How come? As war transformed Europe, it also transformed Europe’s overseas possessions. During the hard winter of 1794-95 French Republican armies crossed the frozen Maas and Waal rivers and conquered the Netherlands. This led to the Dutch head of state fleeing to London. From his temporary base at Kew Palace, he issued letters known as the ‘Kew Letters’, entrusting all Dutch colonies to Britain for ‘safe keeping’.5 The decision triggered a large-scale deployment of the Royal Navy and the conquest of all Dutch bases outside Java.
The naval blockade of the archipelago’s ports was so tight that hardly any Dutch ships could reach Batavia. Even Daendels himself had to sail on a French privateer (commerce raider) for part of his journey to the Indies via Lisbon and the Canary Islands.6 In July 1810, Napoleon’s annexation of the Netherlands to the French Empire forced the British to conquer Java (August-September 1811). They would retain it until just after the end of the Napoleonic Wars.

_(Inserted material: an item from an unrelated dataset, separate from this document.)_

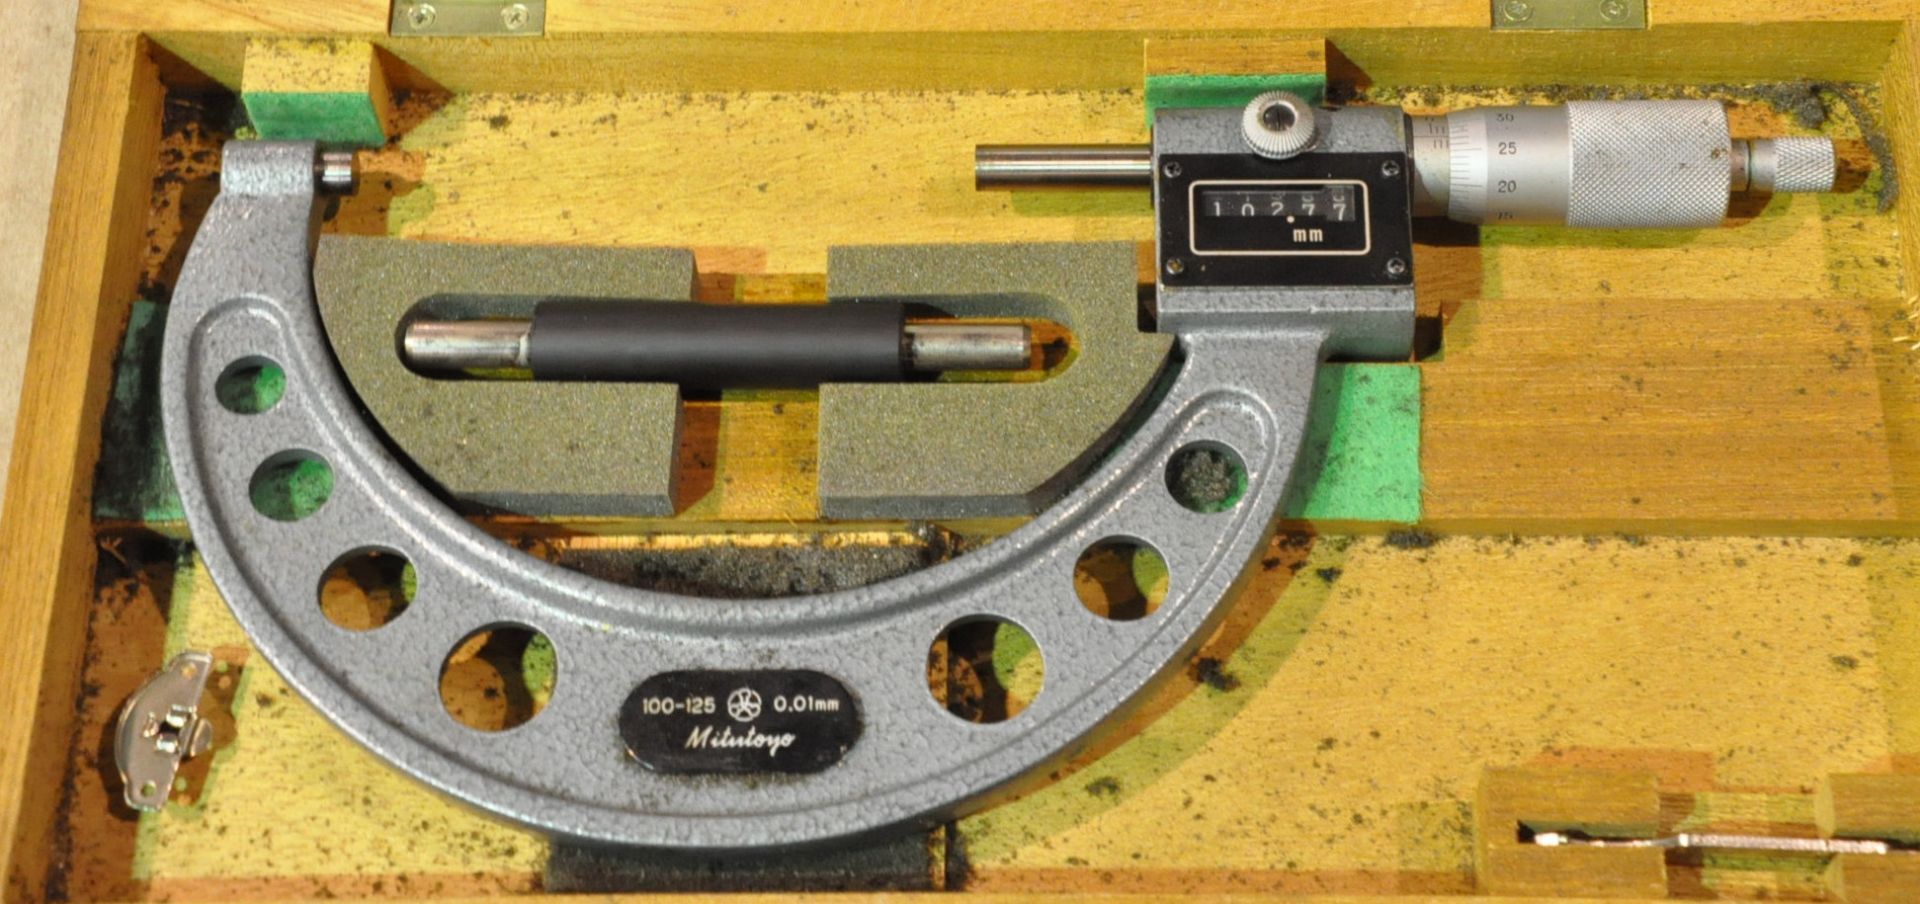 Mitutoyo 100 - 125mm Outside Micrometer with Case

These brief occupations transformed the colony. When Daendels arrived in Java on 6 January 1808, he found the island under siege. So rigorous was the Royal Navy’s blockade of Java’s ports that nothing could move along the north coast without attracting the guns of its Indian Ocean squadron. But Daendels thought big. If a coastal highway was strategically impossible, he would use gunpowder to blast a new mountain road through the Priangan Highlands via Puncak Pass and Bandung. And so Daendels’ great trans-Java post road (postweg) was born (1809-10): “no governor had thought of it before him, and I believe none will dare to contemplate it afterwards’’ was one Belgian officer’s comment.
But Daendels’ governorship was not just about roads. It also laid the foundation for the administrative centralisation of the Netherlands-Indies and post-1945 Indonesia. This changed the relationship between the Batavia (post-1942, Jakarta)-based government and the Javanese courts.

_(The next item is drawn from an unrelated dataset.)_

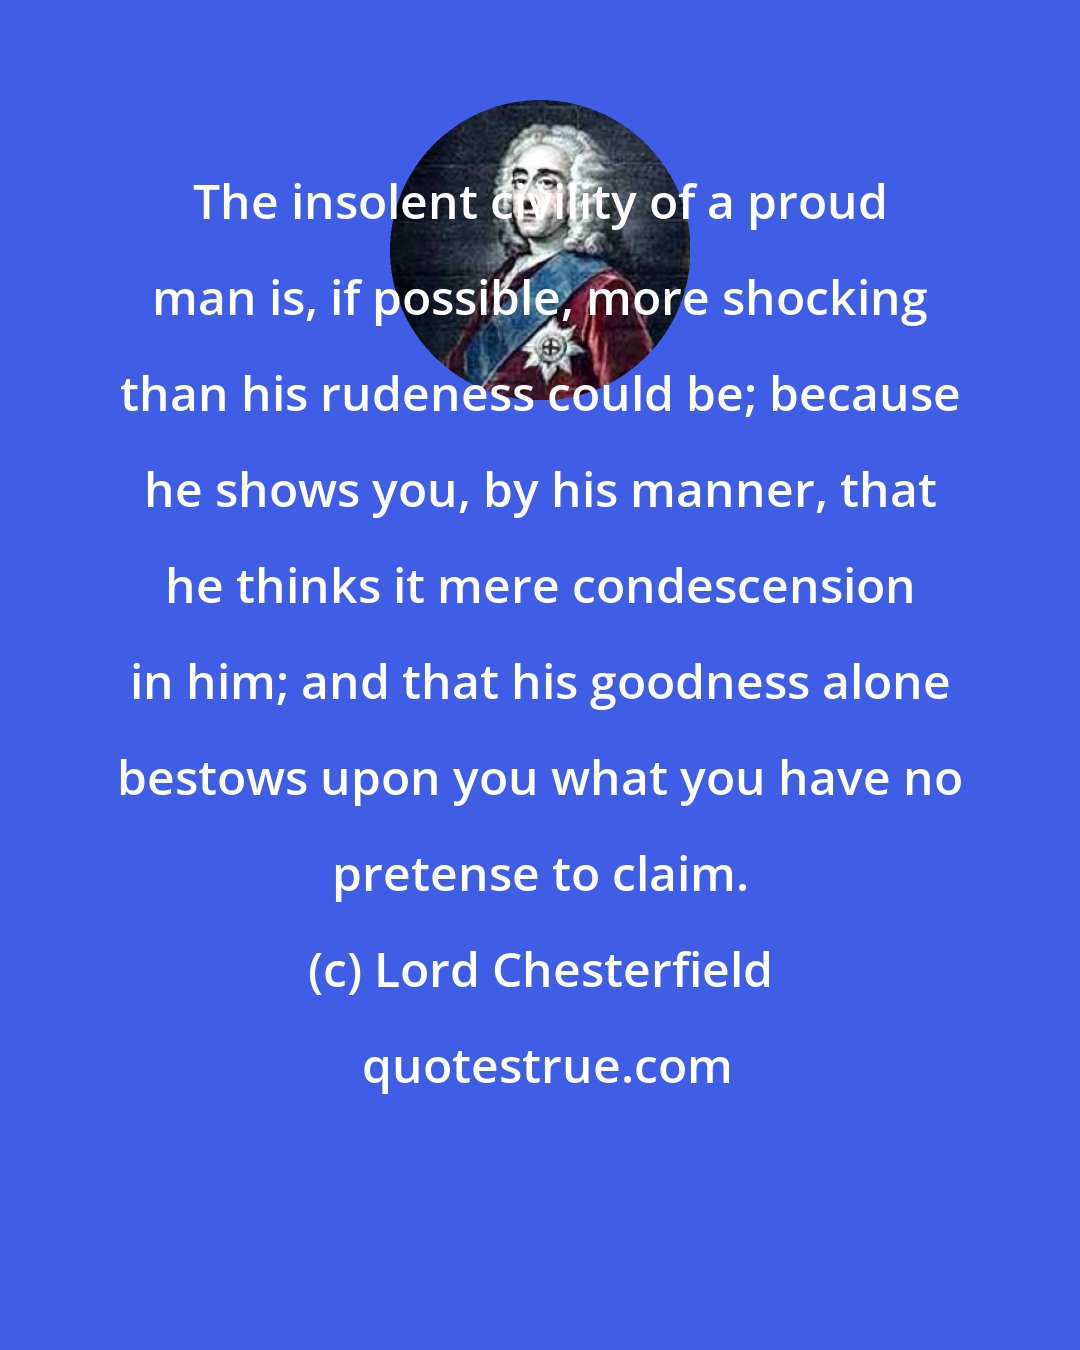 Lord Chesterfield: The insolent civility of a proud man is, if possible, more shocking than his rudeness could be; because he shows you, by his manner, that he thinks it mere condescension in him; and that his goodness alone bestows upon you what you have no pretense to claim.

Daendels’ 41-month tenure as colonial viceroy left a lasting legacy. He was not in the business of reforming a few archaic practices. He wanted root and branch change. His administration transformed the political and social world of Java. In everything that touched the relationship between the south-central Javanese courts—Yogyakarta and Surakarta—and Batavia, it was clear that Java had entered a new age. Like a depth charge, the impact of Daendels’ presence would be felt long after his mid-May 1811 departure.
There was much that the Marshal did not plan. His sartorial legacy—in particular, his bequest of an alternative military dress code to indigenous courts and the colonial bureaucracy—was a byproduct of his administration.
However, the fact that uniforms continue to play such a significant role in Javanese society is a testament to his extraordinary influence. He turned Javanese society upside down, offering new ways of acquiring status. He imported what British historian Norman Hampson has called ‘the nationalisation of honour’. This mirrored the French Revolutionary dictum that ‘it is no longer one’s birth which gives honour but one’s service to the state’. The first governor-general to hold a military rank, he set a precedent that would resonate into the modern period. Here he reflected a contemporary trend in Europe: the militarisation of European monarchies and the tendency for European rulers to wear military dress while on official duties.
By the time Java was restored to the Dutch on 19 August 1816 to make the United Kingdom of the Netherlands (1815-1830) strong against a resurgent France, the commercial dealings of the former Dutch East India Company (VOC) had been replaced by the beginnings of a modern colonial state. Over the following century, its reach would spread across the Indonesian archipelago, reducing the power of the local rulers and establishing Dutch authority in every corner of present-day Indonesia.
As the influence of the West continued to penetrate ever more deeply into the lives of ordinary Javanese people, events in the Middle East also shaped the fortunes of both the local populations and Dutch colonists. The 18th and 19th centuries witnessed an increase in Ottoman Turkish influence in the East Indies and the number of Arab migrants from the Hadhramaut (present-day South Yemen) settling in the archipelago. The quickening tempo of pilgrim traffic across the Indian Ocean also exposed Java’s inhabitants to the turbulent events in the Middle East. Here, a French Republican army briefly occupied Egypt and Syria (1798-1801) before the puritan Wahhābhīs overran the holy cities of Islam (Makkah and Madinah) (1803-1812). The insights gained from pilgrim traffic were shared with Diponegoro and his top commanders.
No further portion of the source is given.